Erythropoietic protoporphyria (EPP) is an inherited disorder of the heme metabolic pathway that is characterized by accumulation of protoporphyrin in the blood, erythrocytes, and tissues, and cutaneous manifestations of photosensitivity, all resulting from abnormalities in ferrochelatase (FECH) activity due to mutations in the FECH gene. Protoporphyrin is excreted by the liver, and excess protoporphyrin leads to cholelithiasis with obstructive episodes and chronic liver disease, finally progressing to liver cirrhosis. Patients with end-stage EPP-associated liver disease require liver transplantation. We describe here a 31-year-old male patient with EPP who experienced acute-on-chronic liver failure and underwent deceased-donor liver transplantation. Surgical and postoperative care included specific shielding from exposure to ultraviolet radiation to prevent photosensitivity-associated adverse effects. The patient recovered uneventfully and was doing well 24 months after transplantation. Future prevention and treatment of liver disease are discussed in detail.

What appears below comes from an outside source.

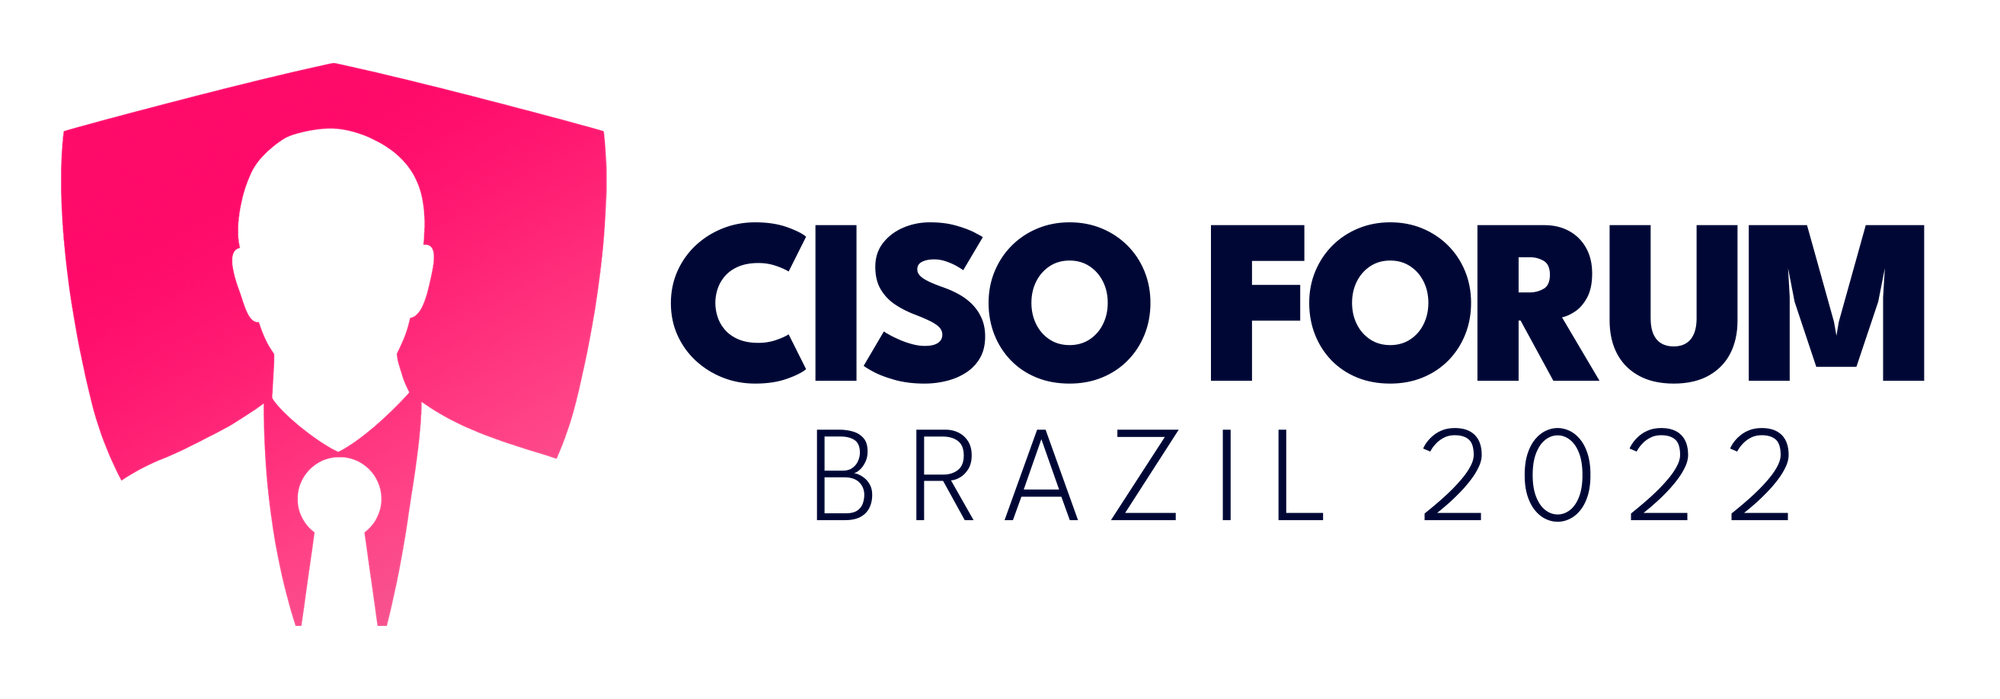 CISO Forum Brazil 2022 confirma presença de expert em cibersegurança da NEO no painel sobre retenção de talentos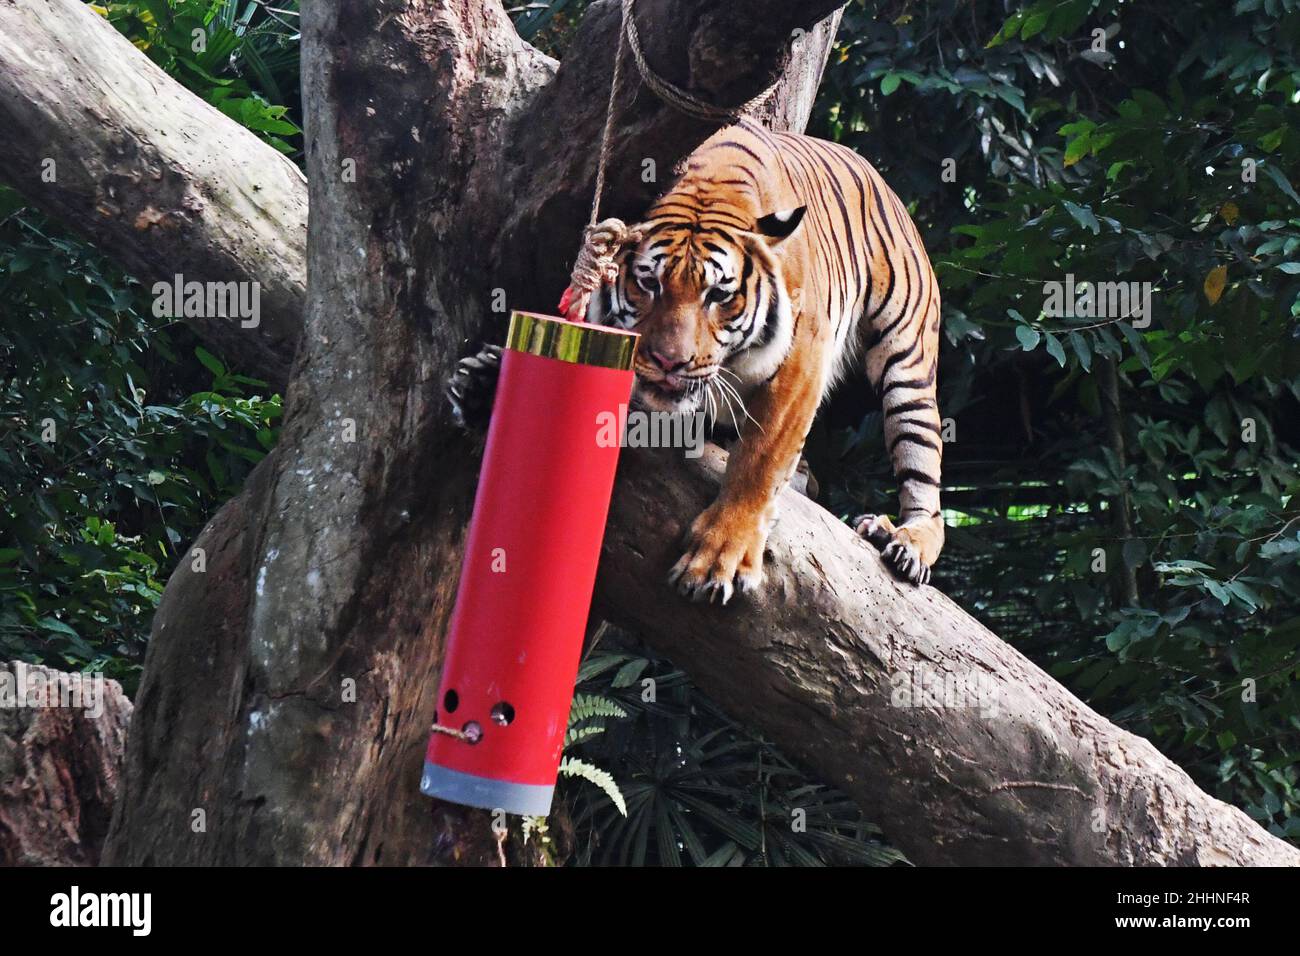 Singapour.25th janvier 2022.Un tigre de Malaisie tente de se rendre à la nourriture à l'intérieur d'un conteneur en forme de pétards, dans le cadre des célébrations du nouvel an lunaire chinois qui ont eu lieu dans le safari nocturne de Singapour le 25 janvier 2022.Crédit: Puis Chih Wey/Xinhua/Alay Live News Banque D'Images

Porphyria is a class of disorders of porphyrin and porphyrin-precursor metabolism resulting from aberrations in the control of the heme biosynthetic pathway. Erythropoietic protoporphyria (EPP) is an autosomal dominant/recessive porphyric disorder characterized by the accumulation of protoporphyrin in blood, erythrocytes and tissues resulting from a deficiency in the enzyme ferrochelatase.1-3 The incidence of EPP in the population ranges from 1:75,000 to 1:200,000.4 EPP manifests clinically as immediate painful photosensitivity of the skin, with stinging, prickling and burning of exposed areas being the initial symptoms experienced during or shortly after exposure to the sun.4 Long sunlight exposure may result in erythema, edema, petechia and/or bulla formation.4
Because protoporphyrin is a lipophilic molecule that is excreted by the liver, EPP patients are at risk of cholelithiasis with obstructive episodes, and a small minority of EPP patients develop chronic liver disease due to pigment-loading of hepatocytes and bile canalicular sludging.4,5 Inadequate biliary excretion of protoporphyrin has toxic effects on hepatobiliary structure and function. Exposure of cultured hepatocytes to protoporphyrin has been found to inhibit cell metabolism and to increase cellular fragility.6-8 The resultant bile may damage the bile duct epithelium, resulting in biliary fibrosis.4,5 Patients with severe EPP and hepatic involvement frequently undergo hepatic or bone marrow transplantation.9-12
We describe here a patient with acute-on-chronic liver failure from EPP who was treated by urgent liver transplantation (LT), with special attention to specific shielding from light exposure.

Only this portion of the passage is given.